You are viewing limited content. For full access, please sign in.

Question

Question

Quick Fields Parallel Processing Sessions

asked on July 16, 2024

Hi everyone,

Just wanted to ask this question.  I've got a large job (35,000 records, 175,000-ish pages) that is currently running through Quick Fields, and I've got a server with lots of horsepower.

Today I bumped up the number of sessions in Parallel processing from 1 to 2.  But that is all the system allows me to add.  My server has 6 CPUs, and from the documentation I understand I should be able to have up to 12 sessions.  I'd be happy with 4 sessions.

The Quick Fields server is a Windows 2019 VMWare VM, with 6 CPUs available to it and 16GB of RAM.  It is running at 36% with the two sessions.

What do I need to do to enable more sessions?

0 0

Replies

replied on July 16, 2024

Parallel processing refers to running multiple different Quick Fields sessions concurrently if their schedules overlap in Quick Fields Agent.

From your description, it sounds like all these documents are processed by a single Quick Fields session. Is that correct?

0 0
replied on July 16, 2024

The documents are split up into about 80 different files that are then processed separately.  I have moved them to different folders and give each folder its own session. 

I am currently running 2 Quick Fields sessions running concurrently, and it is working well.  My question is specifically about why I can't increase past 2 sessions, despite having 6 CPUs available to the server.  From the documentation, I should be able to have 2 Quick Fields sessions per CPU, and this server has 6 CPUs.  It is 2 cores per socket, with 3 sockets, if that helps.
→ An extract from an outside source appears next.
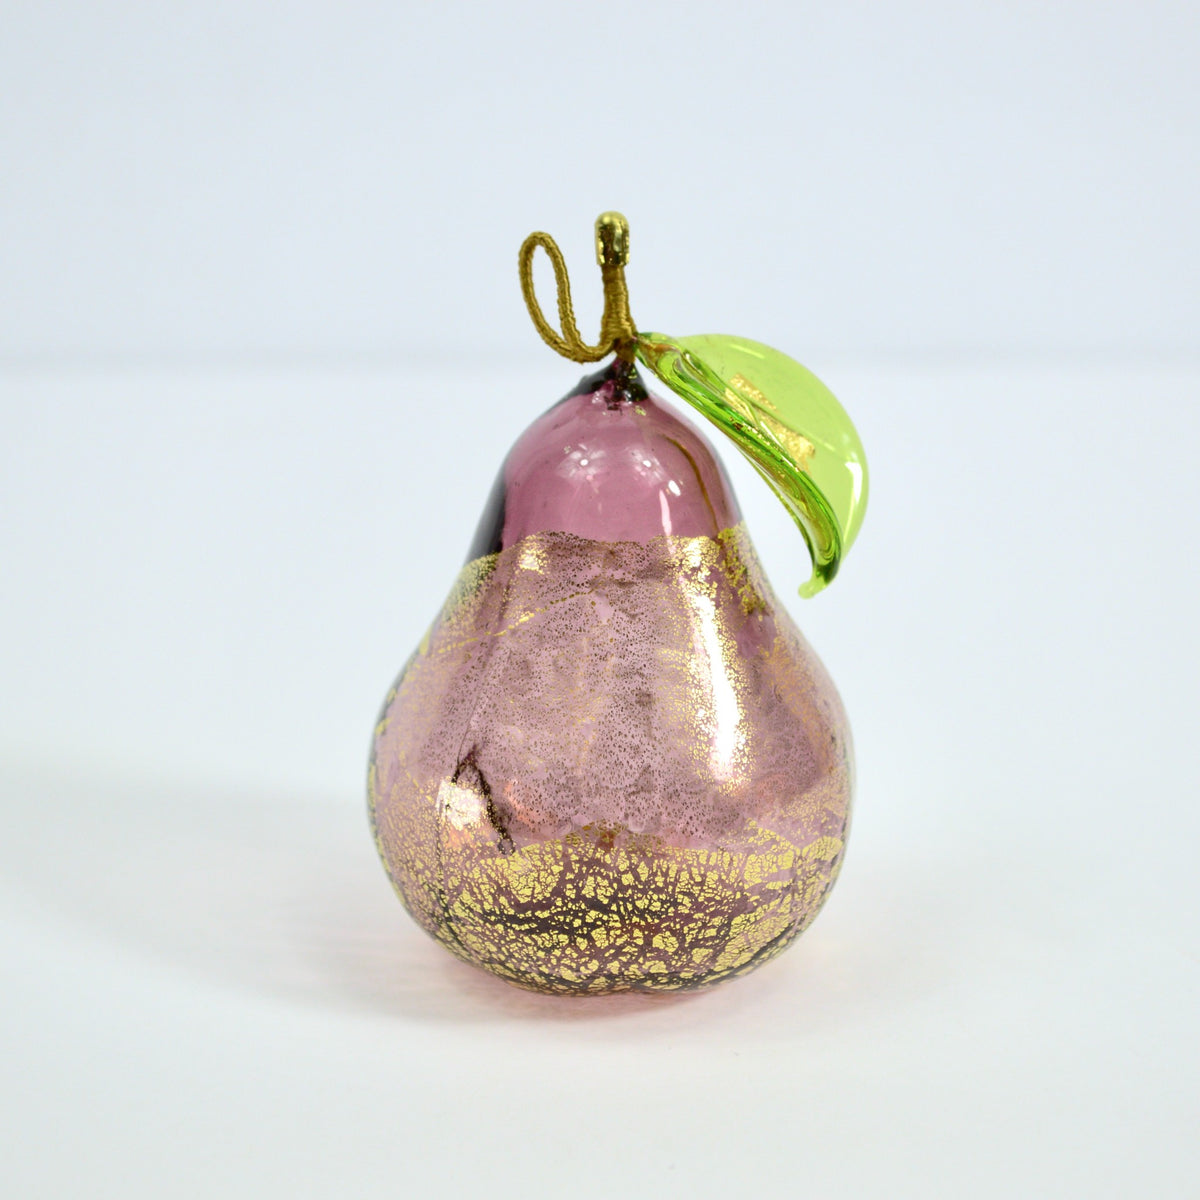 Murano Glass Blown Pear with Gold Foil, Ornament, Made In Italy, Gift Idea - My Italian Decor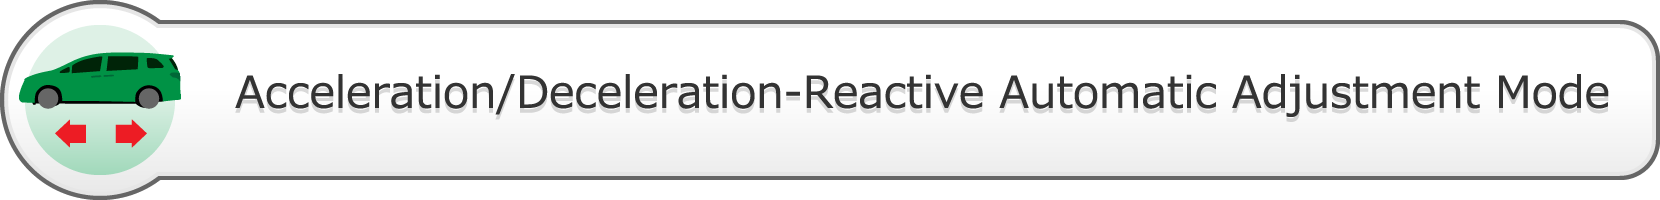 Acceleration/Deceleration-Reactive Automatic Adjustment Mode

I was using a single Quick Fields session before, but I'm trying to reduce the time it takes to complete the process, so 2 sessions should reduce the overall time by about half.  If I could get it down to 1/4, I'd be a happy camper.

0 0
replied on July 16, 2024

Like I said before, you'd have to have the scheduled at roughly the same time to start in parallel.

Quick Fields is likely going to be IO and network bound while processing, so you might not see a linear scaling with the number of sessions.

0 0
replied on July 16, 2024

Fair point, but right now with 2 sessions I'm not seeing a reduction in throughput.  This is a VM on a very robust ESXi host with a direct connection to a high speed storage, so I'm sure at some point I could overload it, but it won't be today.

You seem to be focusing on whether I should do this or not, but my question is more why I can't make the change to the setting.  According to the documentation, I should be able to have up to 12 sessions because the VM has been allocated 6  CPUs.  I don't want 12 sessions, 4 seems like the sweet spot, but I would like to know why the option isn't available.

0 0
replied on July 17, 2024

Oh, I see what you mean. I was reading your post as saying you already bumped it up to 12 but you only ever see 2 running at the same time. But you're saying you can't change the number to anything higher than 2.

If you go to C:\ProgramData\Laserfiche\Quick Fields Agent and open Settings.xml in a text editor, what does it say for "MaxAgents"? (You may have to turn on showing hidden files in File Explorer to see ProgramData).

0 0
replied on July 17, 2024

Thanks for that - MaxAgents is set to 2.  Can I increase that in the file?

0 0
replied on July 17, 2024

I tried increase that setting to 4, and now I can increase the sessions to 4 as well.

 

Thank you!

0 0
replied on July 17, 2024

No problem. Any chance this is a VM that started out with 2 CPUs and then had more added after Quick Fields was installed?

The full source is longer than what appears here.